In recent years, the rapid development of the aviation industry in Africa has solved the employment problem of more than 6 million people, which is of great significance in the African economy. Since the virus outbreak, Rwandair, Kenya Airways, and Mauritius Airlines have lost more than $400 million in direct and indirect losses due to cancellations of flights to China. More cities are closing, and the airline industry has been hit harder. The International Air Transport Authority estimates that passenger mileage revenue for African airlines has fallen by 32%, and capital revenue has fallen by $4 billion. Ethiopian Airlines, in particular, faces a loss of $1.2 billion. The impact on the aviation sector alone led to a 32 percent drop in industrial output in Africa.

5.1.6. Disruption of the “China-Africa” Supply Chain

More Chinese goods have entered African markets since the beginning of the new century, gradually increasing from 3 percent of Africa’s total imports in 2001 to 19 percent in 2019. More than 60% of African countries see China as their most significant source of goods center. China’s exports to Africa totaled $52.86 billion in the first half of 2019, but the outbreak of the virus directly affected export growth in 2020. As it stands, Nigerians who went to China in January 2020 to buy goods have not been able to return home because of the outbreak, and because the suppliers are mainly in China, they have not been supplied since the outbreak. Supply chain problems may be hidden in the normal state of operation, but the epidemic situation directly exposed the weakness in the African-China supply chain. Figure 6 compares Africa’s export to china for 2019 and 2020 compared.

Figure 6. Major African exporters to China compared for 2019 and 2020.

5.1.7. Lack of Equipment, Loans, and the Shutdown of Infrastructure Construction

After the outbreak of COVID-19, more countries began to restrict the movement of people in various cities and countries, and many of the infrastructure projects that China has invested in Africa are at a standstill. In January 2020, most of the Chinese workers were stranded in Africa, the most critical issue being the relative fragmentation of the supply chain of critical materials, the inability to procure related equipment and machinery effectively, and the fact that China was affected by the epidemic, daily throughput many transport hubs and ports.

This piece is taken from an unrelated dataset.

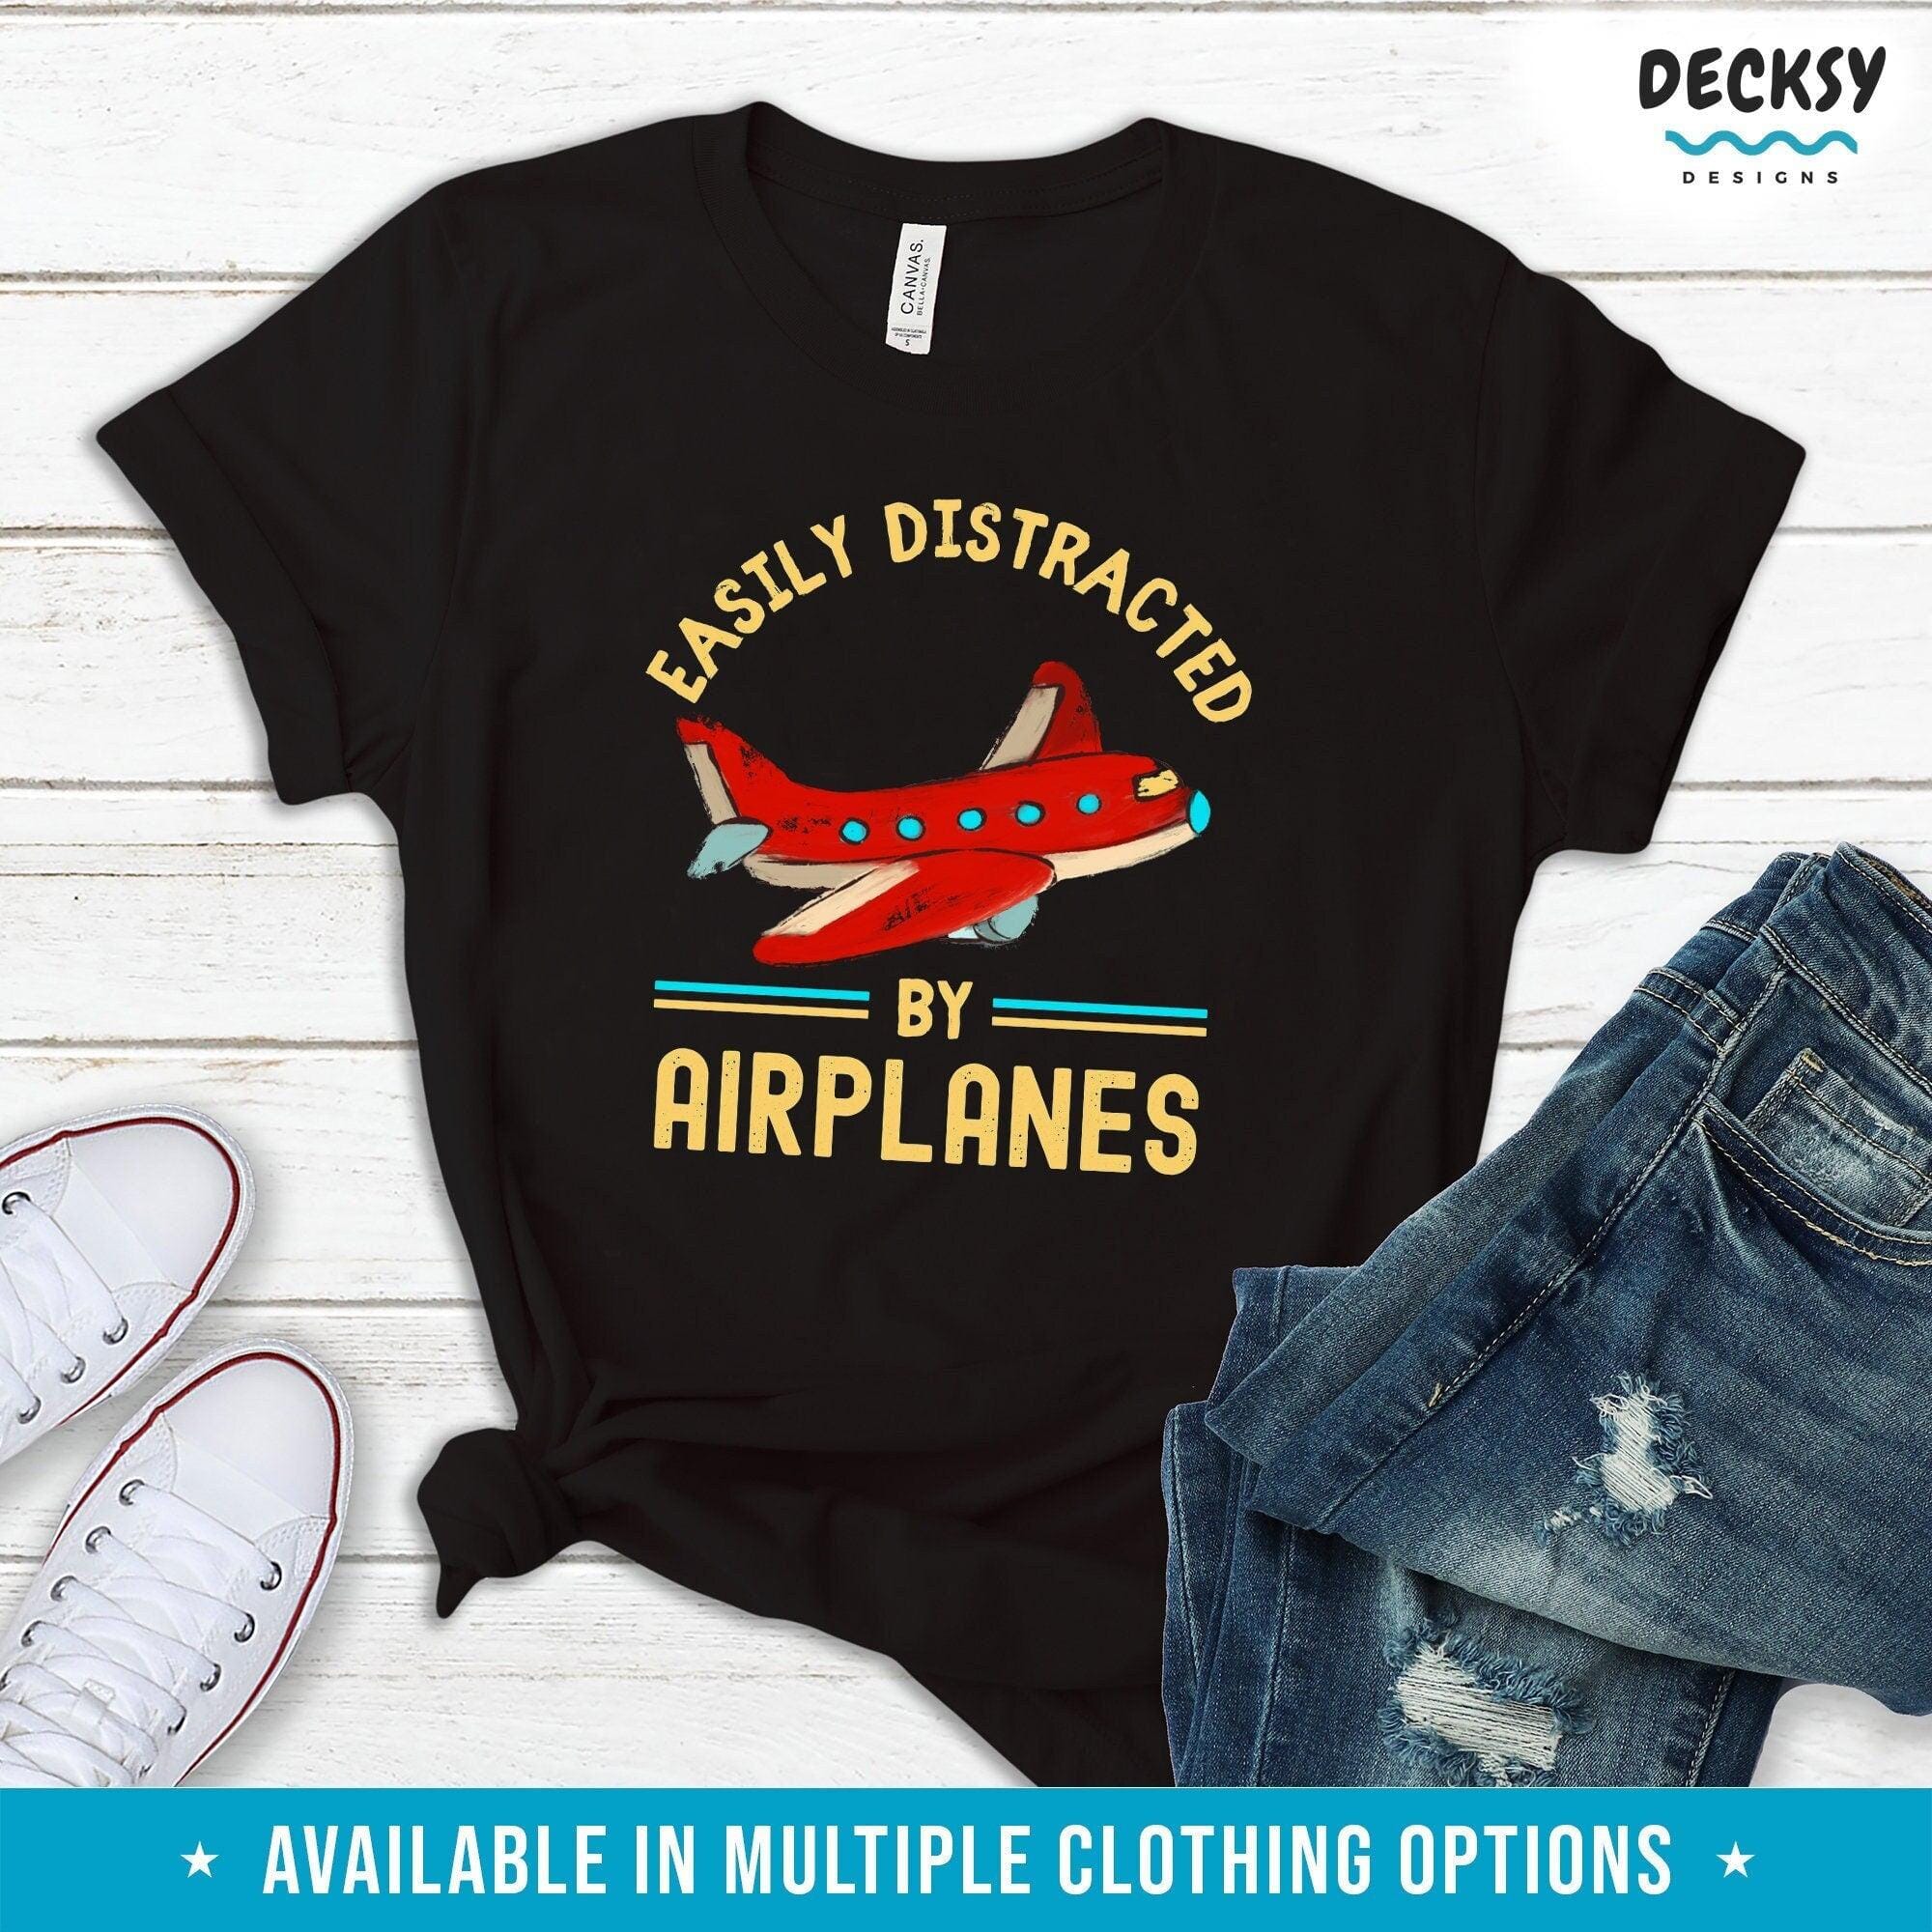 Easily Distracted By Airplanes Shirt, Aviation Gift-Clothing:Gender-Neutral Adult Clothing:Tops & Tees:T-shirts:Graphic Tees-DecksyDesigns

Chinese investment projects in Africa are based on China’s advantages in infrastructure and heavy industry. As many industries gradually lose bank loans, more Sino-African cooperation projects do not have financial support; the arrival of the epidemic makes such advantages disappear and will undoubtedly impact Africa’s economic construction.

5.1.8. Decrease in Natural Resource Exports from Africa to China

China is an important market for the export of natural resources in Africa. However, the slowdown of China’s social and economic development caused by the virus will inevitably impact many African countries’ export of natural resources. Trade between China and African countries totaled $101.8 billion in the first half of 2019, with China importing $49 billion. China’s economic growth slowed to 4.5 percent in the first quarter of 2020 compared with the same period last year because of the outbreak of the new crown disease, but by June, it had stabilized, and China’s economic output is now in the 50 percent range, there are some differences between the situation in 2003 and the SARS period. Currently, the epidemic is in a period of rapid social and economic growth in China, and consumption is under pressure, while the manufacturing industry is challenging to develop. Just as China’s expectations for 2015 have lowered, African countries tend to follow suit. If China’s economy did not grow by more than 6.1% in 2019, 4.5% this year, it could significantly influence global economic markets. The hostile external environment is bound to reduce economic growth in South Africa by about 1.2 percent, but resource sales account for a substantial proportion of revenues in African countries as more than half of South Africa’s exports of natural resources account for about 40 percent of GDP.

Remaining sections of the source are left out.